The campaign -- which was announced during a meeting in Mogadishu on October 19th -- has received funding from private business owners and the Somali diaspora, Omar said, declining to disclose the amount received.

Religious leaders, women and youth play key role
Another key goal of the campaign is to help citizens who had been isolated in former al-Shabaab strongholds to reconnect with the rest of the country by encouraging cross-regional dialogue, Omar said.

In areas under al-Shabaab control, the militant group routinely imposed bans on radio and television, use of the internet and mobile phones, and monitored citizens' movement in order to control and filter information.

Al-Shabaab also used the pretext of religion to unlawfully tax residents and steal their livestock.

But Sheikh Abdulqadir Mohamed Somow, spokesperson for the Supreme Council of Ahlu Sunna wal Jamaa scholars, said Islam directs its followers to disavow extremist ideology.

"Everywhere around the country that was liberated from al-Shabaab needs the provision of medicine, food and clean water, [but] has an even greater need for changing the minds of the people who endured [years] of brainwashing that has allowed an individual to be convinced to kill his mother or father or relatives and blow himself up," he told Sabahi. "We want to take part in combatting that cancerous ideology that has spread."

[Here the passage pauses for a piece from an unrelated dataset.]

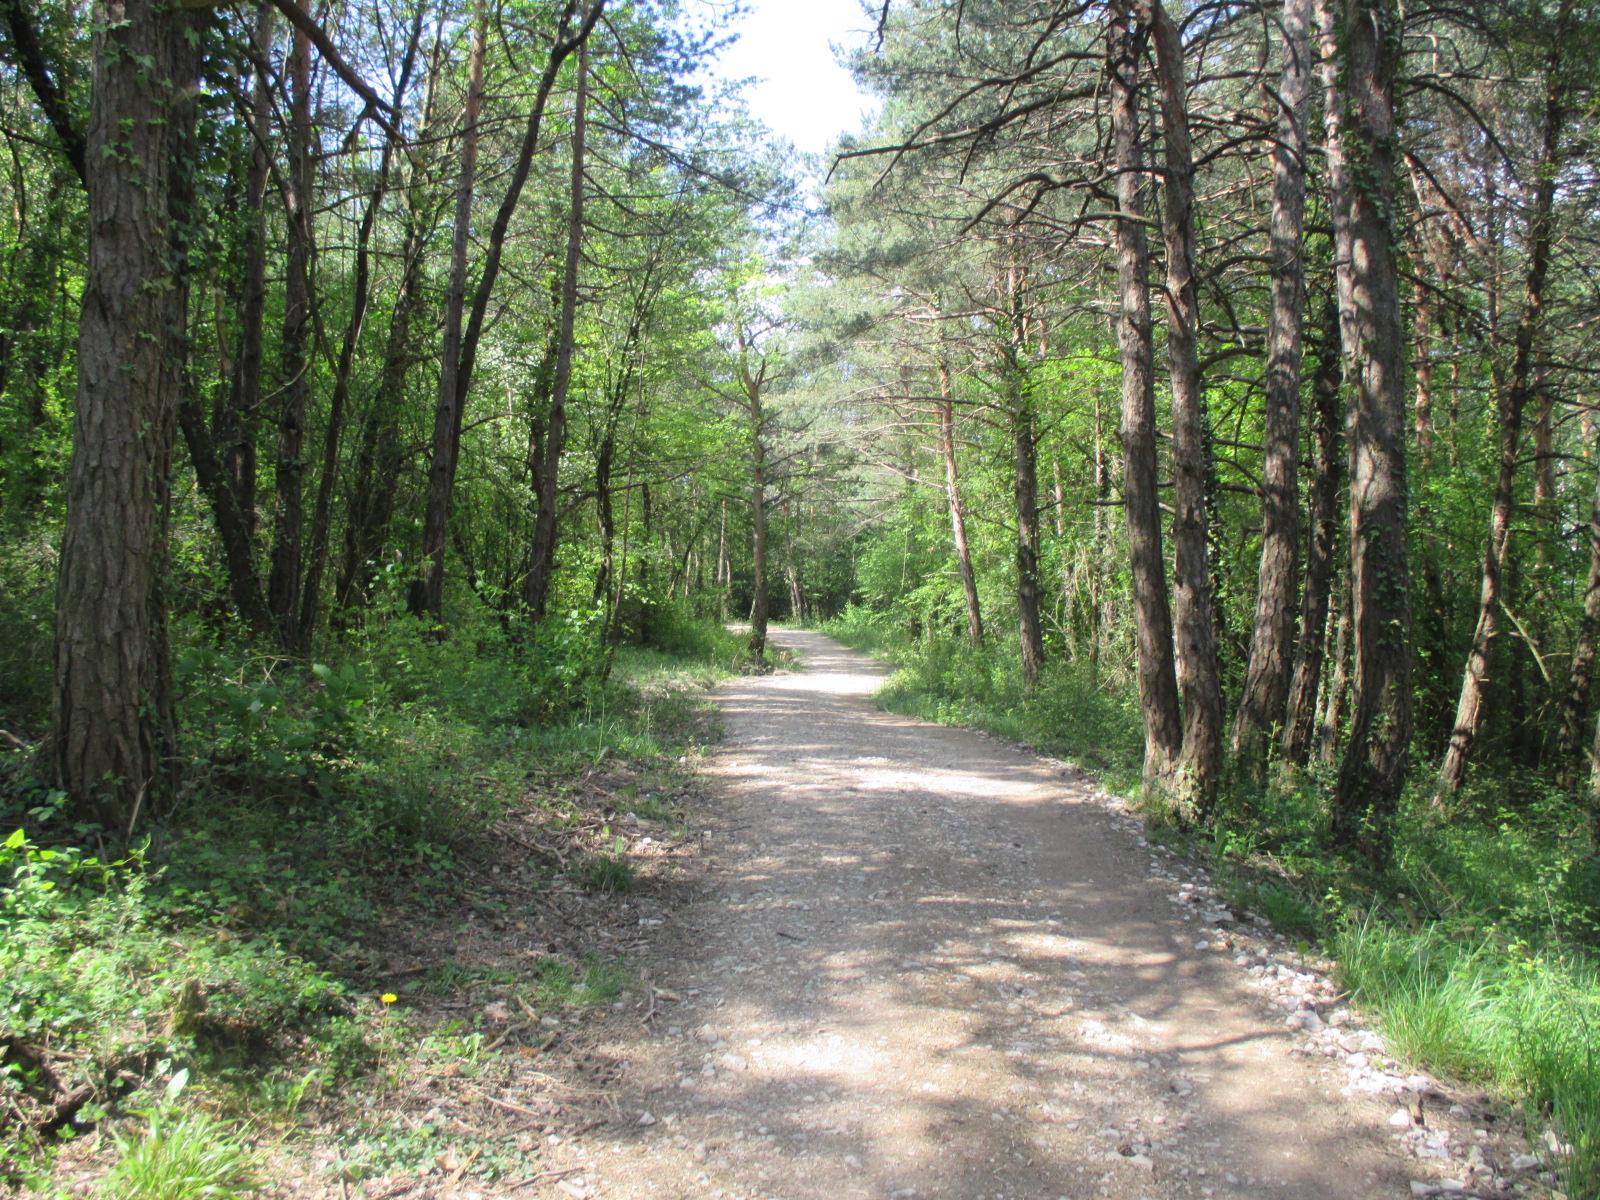 1 – RONCESVALLES-ZUBIRI  (22 km)

For her part, Jawahir Barqab, director of the Benadir Women's Association, said that women can play a major role in cleansing the minds of youth brainwashed with extremist ideology.

"When we as women realised that we could play a big role in fighting al-Shabaab's extremist ideology, we decided to step up to our role," she told Sabahi. "We are grateful to the people who encouraged us to persist with our goals, whether it is the businesspeople or the diaspora, [and] especially the CCD."

Benadir Youth Organisation deputy chairman Hassan Sheikh Abdi Abukar said his organisation has always sought to protect youth against adopting flawed ideology, and will now play a significant role in raising awareness on this issue.

"Our role is to educate the youth about flawed extremist ideology, especially those who still have extremist views and are part of al-Shabaab, by conducting major awareness events," he said, adding that the new awareness campaign seeks to connect all the youth of Somalia.